Actuellement, la plupart des entreprises ont dans leurs équipes une personne dédiée à ces relations qui évoluent vers de vrais partenariats.
En quelques années, des partenariats constructifs ont permis de faire avancer des sujets majeurs : maladies rares, médicaments pédiatriques, information des patients dans les essais cliniques, bon usage du médicament …
Ce que l’on sait :
Au-delà de ces actions, le développement de la démocratie sanitaire voulue par la loi du 4 mars 2002 conduit désormais les entreprises à s’interroger en amont de leurs décisions sur l’opinion des patients et sur les actions à envisager avec eux. Objectif commun : répondre aux besoins des malades.
Les patients, leurs proches et la société en général ont une forte attente par rapport aux entreprises du médicament. La réponse à leurs demandes doit donc être apportée dans un cadre transparent et éthique.
1er JUILLET 2008 : ENTREE EN VIGUEUR DU CODE EUROPEEN DE BONNES PRATIQUES (*)

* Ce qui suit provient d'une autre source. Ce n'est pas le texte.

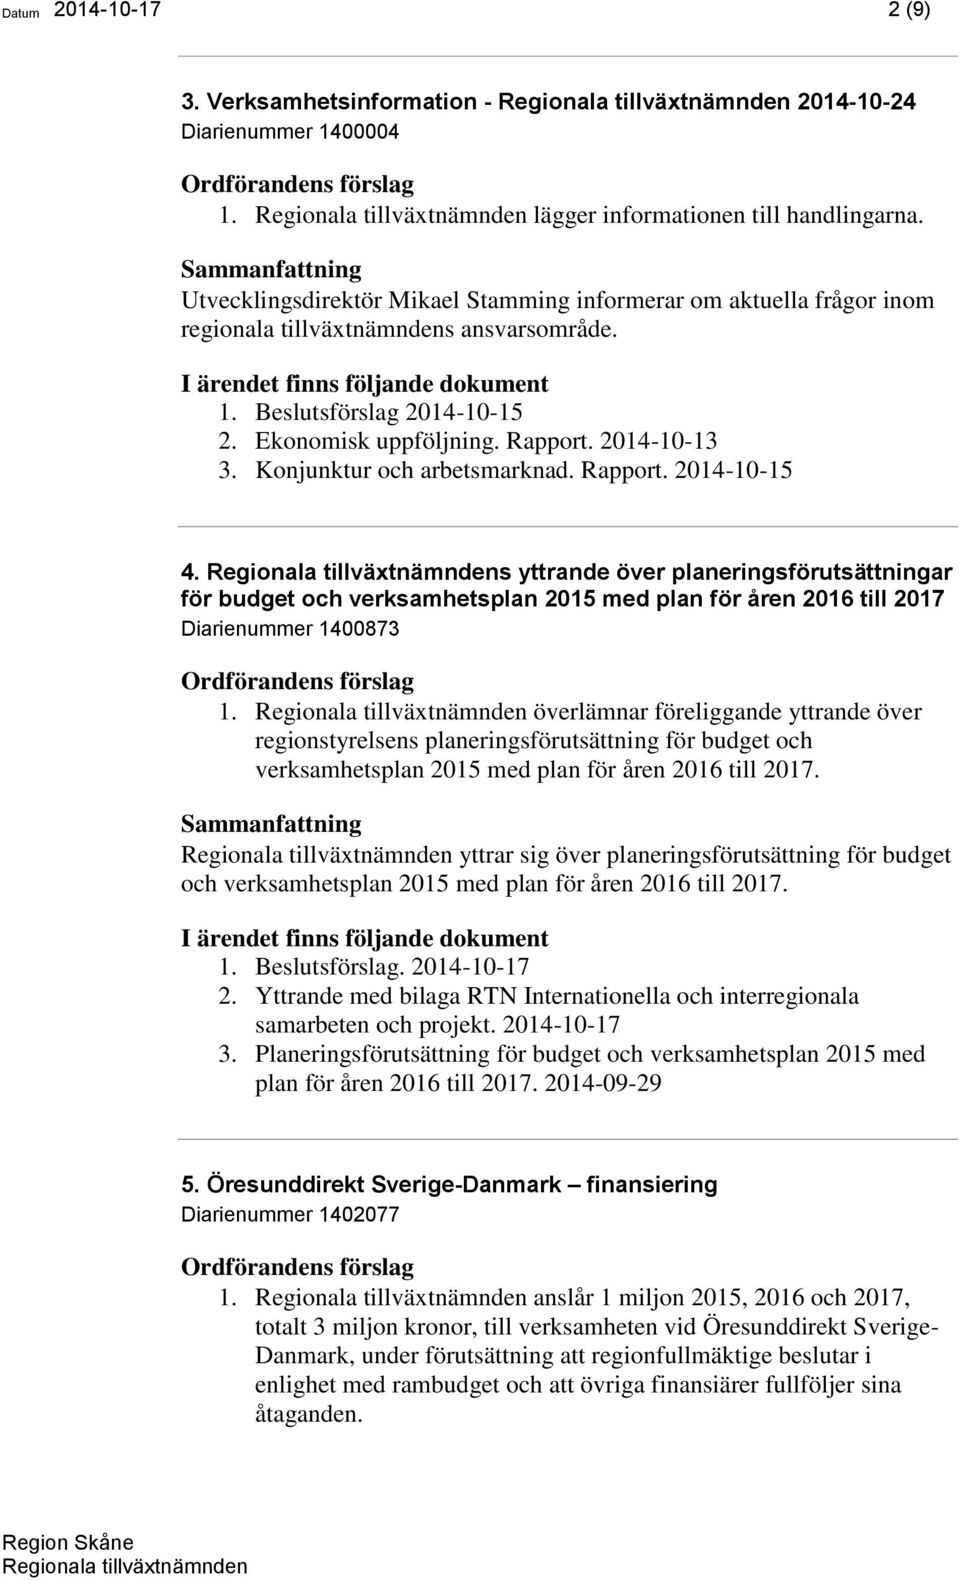 Konjunktur och arbetsmarknad. Rapport. 2014-10-15 4. s yttrande över planeringsförutsättningar för budget och verksamhetsplan 2015 med plan för åren 2016 till 2017 Diarienummer 1400873 1.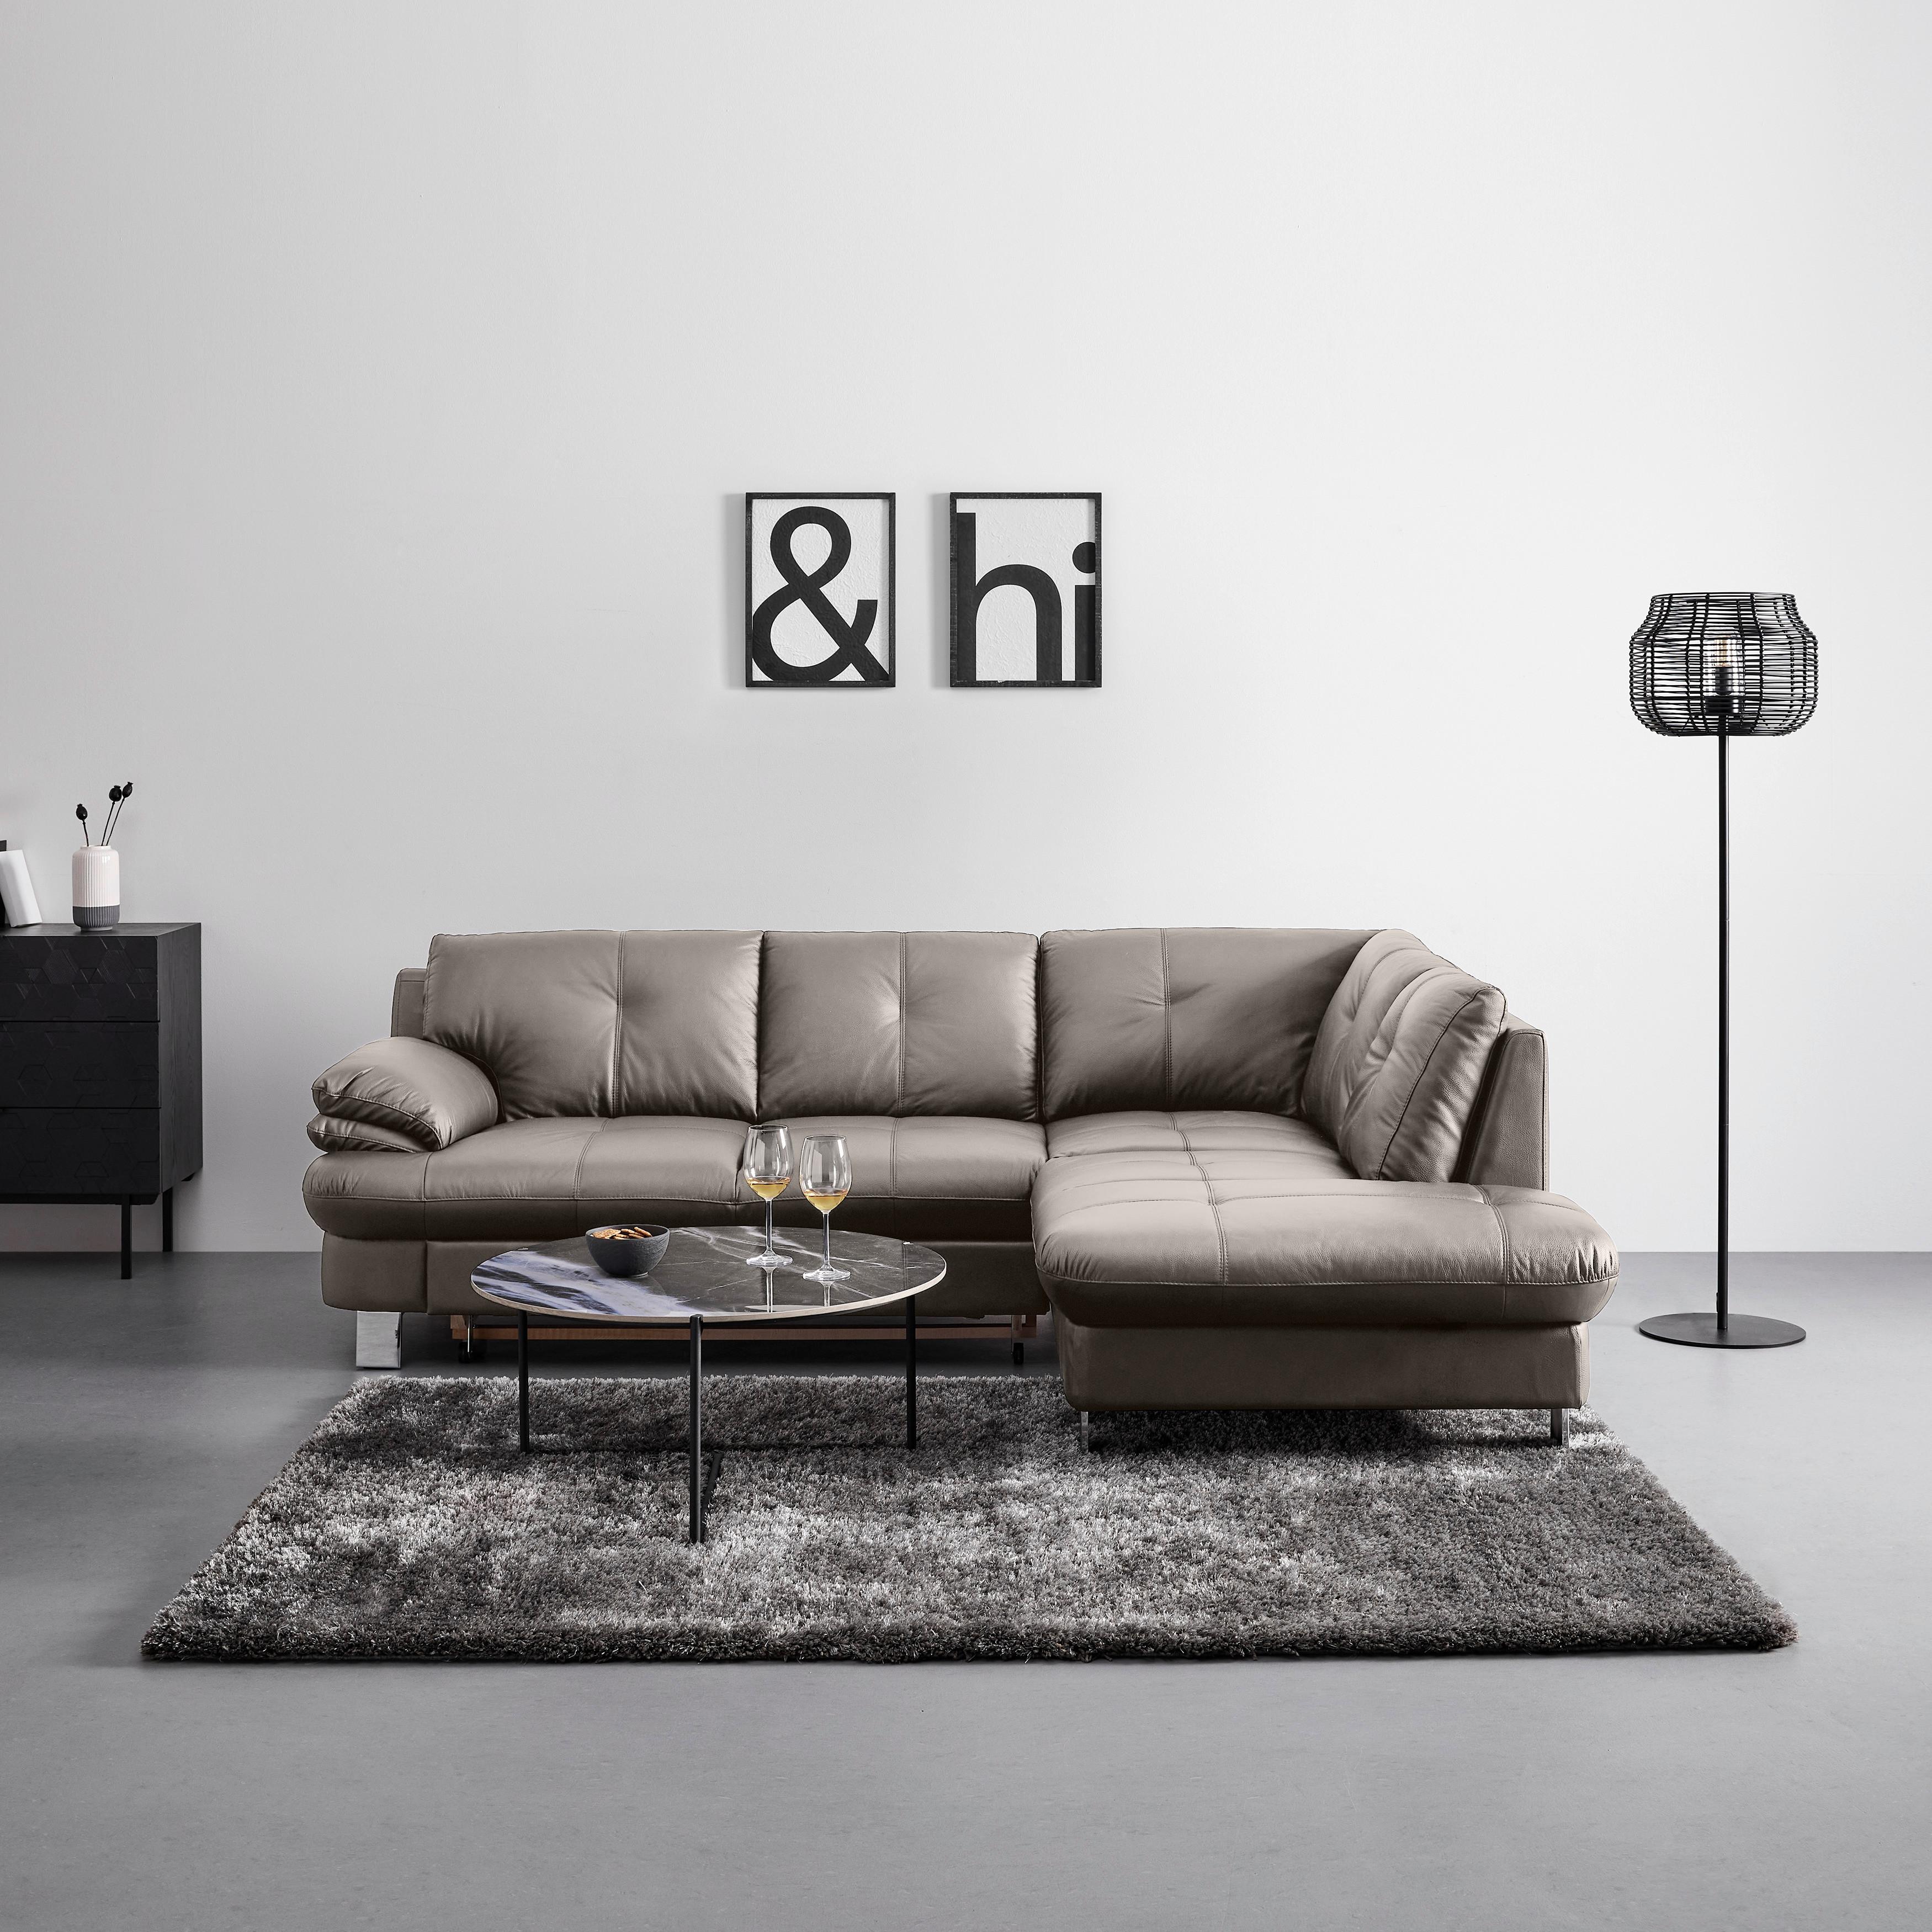 Sedežna Garnitura Bernadette Ii - siva/krom, Moderno, kovina/tekstil (247/82/185cm) - Bessagi Home

Nous nous sommes dotés d’un code de bonnes pratiques des relations avec les associations :
Ses principales mesures garantissent :
- L’indépendance des associations de malades ;
- Des partenariats fondés sur le respect mutuel et la prise en compte du point de vue de chacune des parties ;
- L’absence de promotion d’un médicament de prescription obligatoire ;
- Des accords écrits, des objectifs et des champs de partenariats transparents, notamment financièrement ;
- La diversité des financements des associations ;
- Le respect de la liberté éditoriale des associations ;
- La transparence sur ces partenariats ;
- Le contrôle du code par un comité au niveau national et une possibilité de recours pour les associations. En France, le Cemip (Comité d’éthique et de médiation de l’industrie pharmaceutique – www.cemip.org) sera chargé de ce rôle.
Depuis 2010, les dons aux associations doivent être déclarés à la HAS par les entreprises avant le 30 juin de chaque année.
(*) = Code rédigé à l’initiative de l’EFPIA. Adopté par les Entreprises du Médicament lors de l’AG du 14 juin 2008.